When z_min / z_max are absent but vmin / vmax are present, those act
as the row’s native color limits (still clamped by any global z_min/z_max
arguments passed to generic_plot_spectrogram_set).
def load_datasets_for_item(item_id):
return [
{"x": x1, "y": y1, "data": d1, "label": "EES", "y_min": 0, "y_max": 4000},
{"x": x2, "y": y2, "data": d2, "label": "IES", "z_min": 1e-2, "z_max": 1e2},
]
generic_batch_plot(items, "plots_generic", load_datasets_for_item)
Zoom Column and Event Lines¶
Provide vertical_lines (UNIX timestamps) and a zoom_duration_minutes to add an
optional right-hand zoom column when data exist inside the derived window:
generic_plot_spectrogram_set(
datasets=my_datasets,
vertical_lines=[t0, t1],
zoom_duration_minutes=10,
colormap="plasma",
z_scale="log",
)
Low-Level Single Panel¶
from batch_multi_plot_spectrogram import make_spectrogram
ax, x_used = make_spectrogram(
x_axis_values=time_sec,
y_axis_values=energy_ev,
data_array_3d=data_cube,
collapse_axis=1,
y_axis_scale_function="log",
z_axis_scale_function="log",
instrument_label="EES",
vertical_lines_unix=[event_time],
)
Percentile-Based Color Scaling¶
If z_axis_min or z_axis_max are omitted, internal logic selects robust
percentile-based bounds (see function docstring). Provide explicit bounds to
fully control the color scale. Precomputing and supplying vmin/vmax when
assembling datasets avoids recomputation in tight loops.
Error Handling¶
All exceptions are captured with descriptive variable names; errors are recorded in
errors within the progress JSON while processing continues with remaining items.
Implementation Notes¶
Logging is buffered; call-level helpers flush automatically at batch boundaries.
Figures are explicitly closed via
close_all_axes_and_clearto control memory use.The module is intentionally stateless apart from in-memory log and progress batching.

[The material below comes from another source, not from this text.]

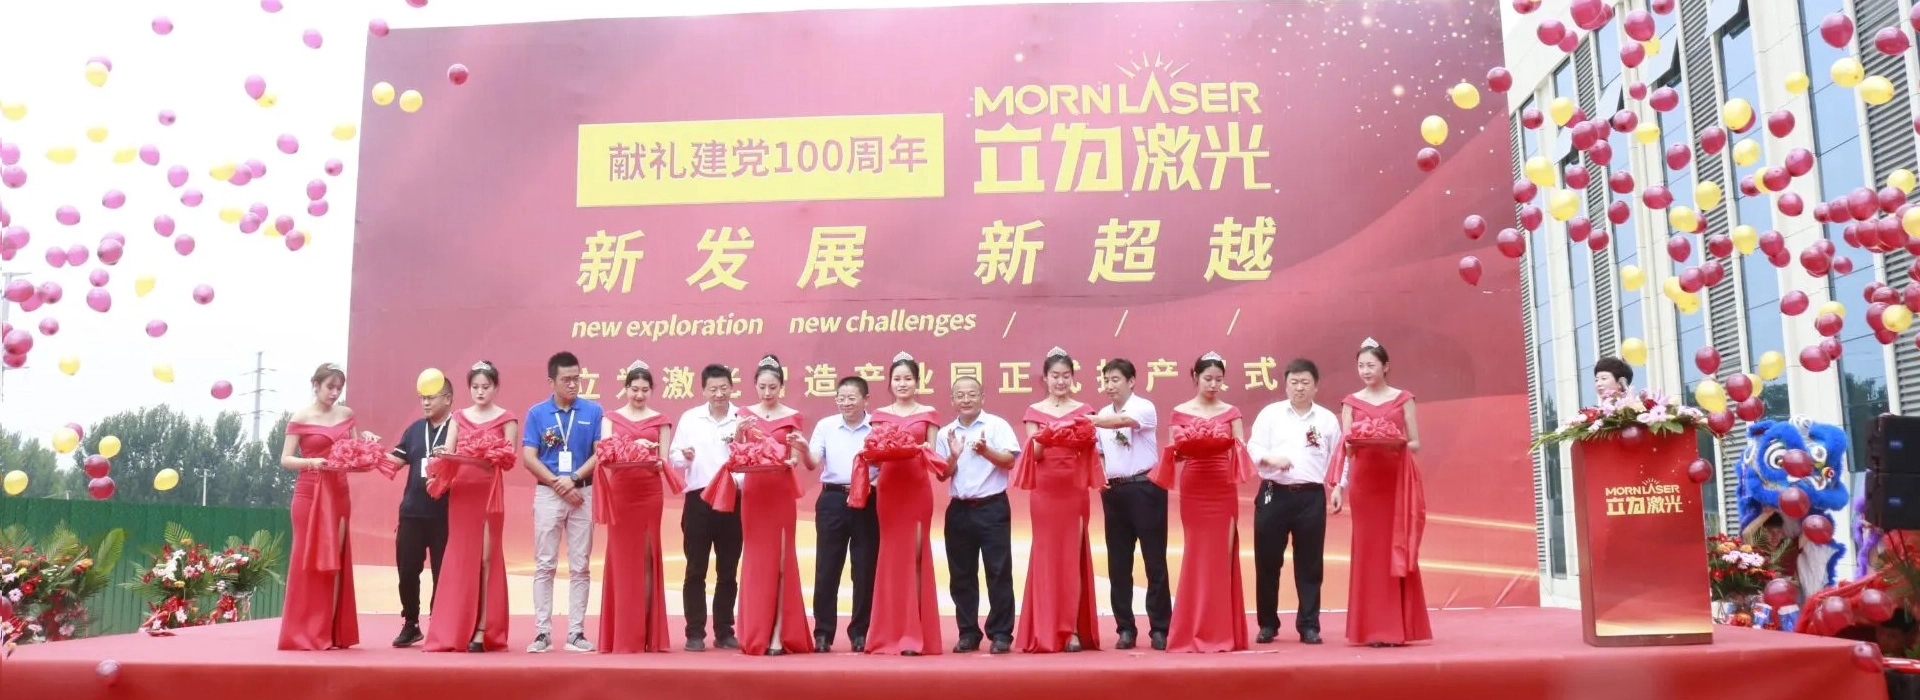 Индустриальный парк Morn Laser Smart Manufacturing официально введен в эксплуатацию
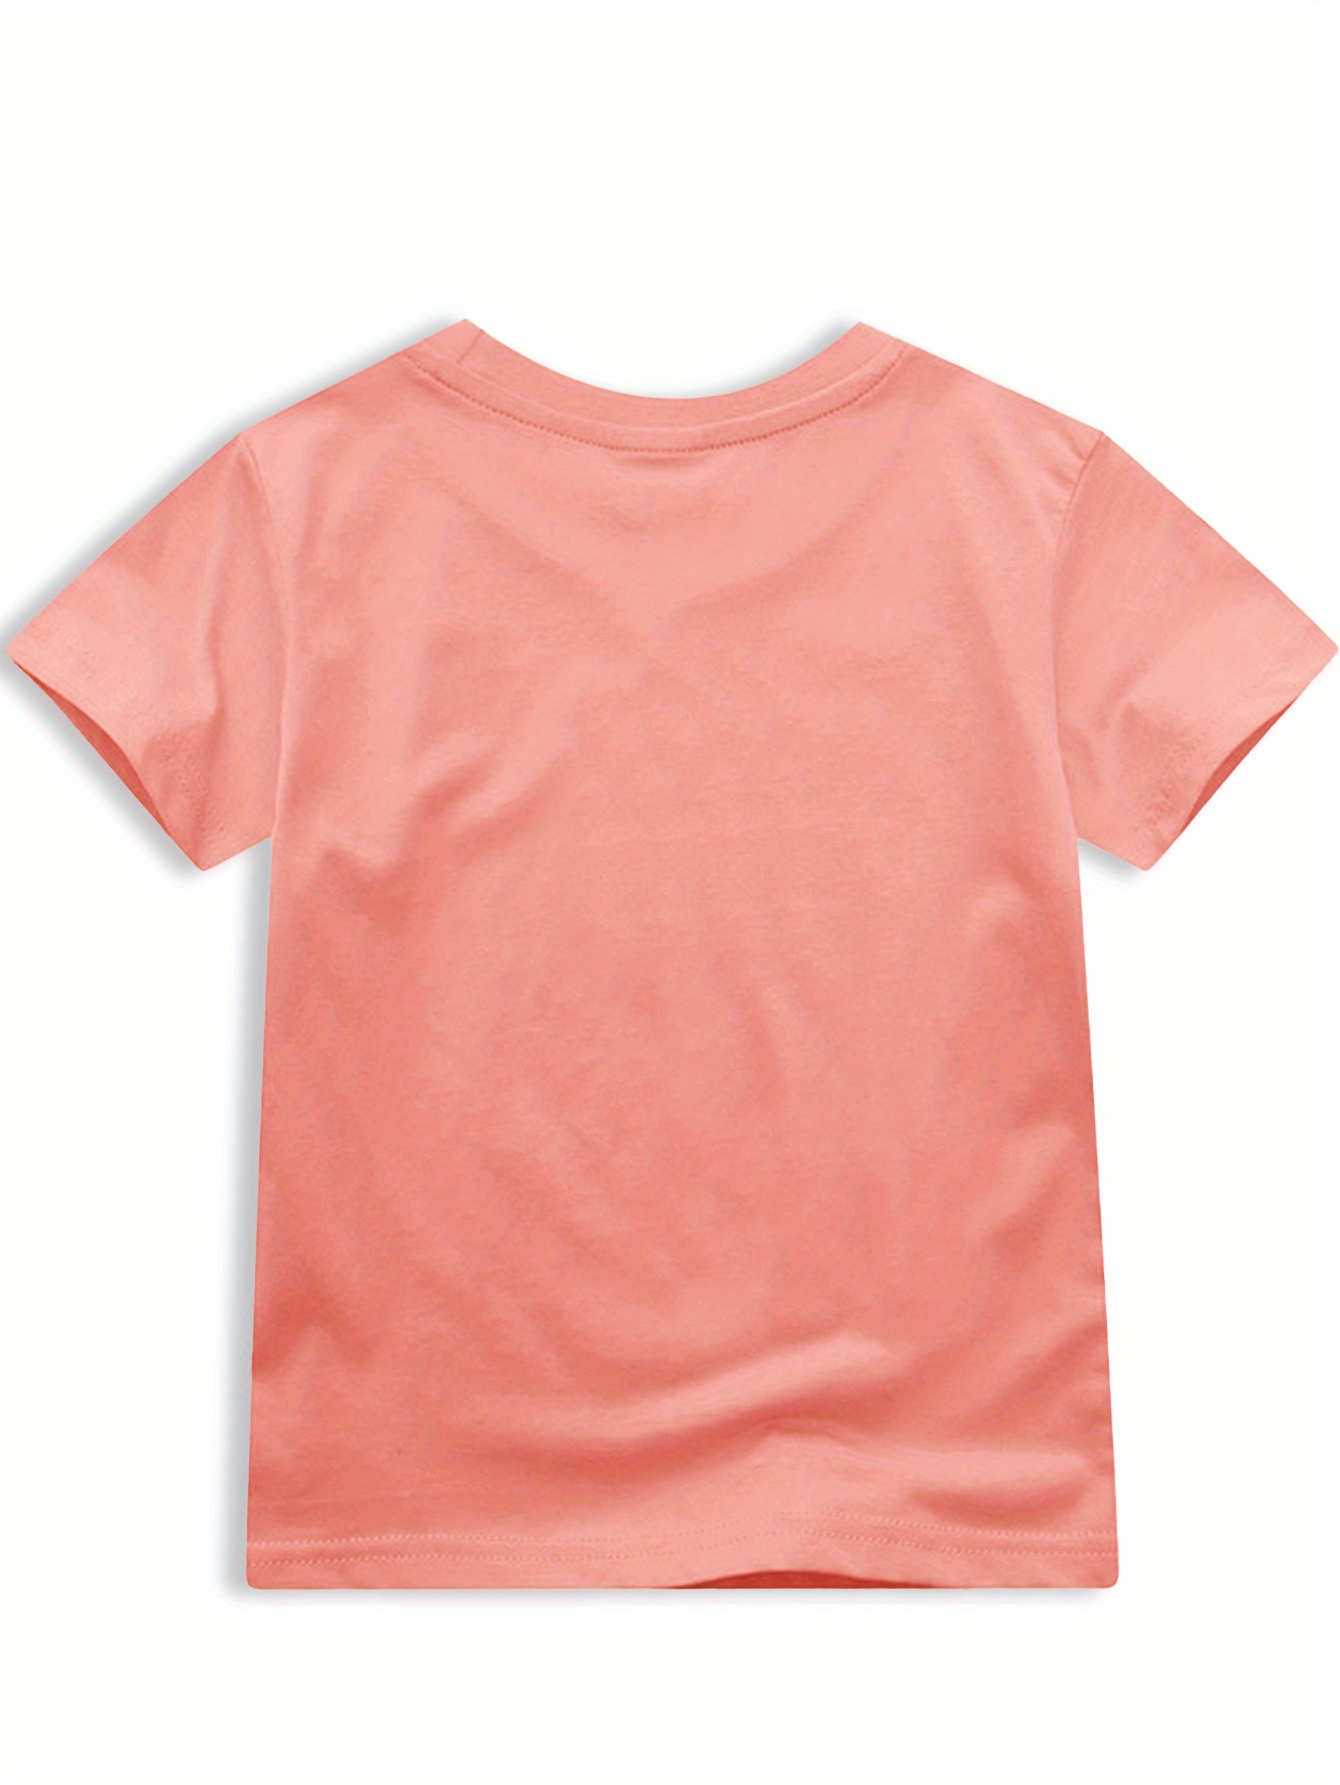 GACHA VIDA 3D Womens T Camisas Verão Menino / Meninas Moda Cute Casual T  Shirt De Manga Curta Kids Camisetas Camisetas Camisolas Roupa Dos Homens De  $175,61

- A temporary SIGINT handler is installed (and restored) when
install_signal_handlers=True. Disable this in notebooks / embedded shells if global handler changes cause side-effects.
- A temporary SIGINT handler is installed (and restored) when
Axis Label Defaults¶
Unless overridden per dataset row, the following label defaults are applied:
Y-axis:
Energy (eV)Colorbar (Z):
Counts
Provide y_label / z_label keys in each dataset dict to customize units
or semantics (e.g., 'Differential Flux (eV cm^-2 s^-1 sr^-1)'). Global
changes can be introduced at the dataset construction layer to keep the batch
orchestration code data-agnostic.
See Also¶
Batching and Buffered Logging for shared batching semantics.
FAST-specific orchestration:
FAST_plot_spectrograms_directoryin the mission module.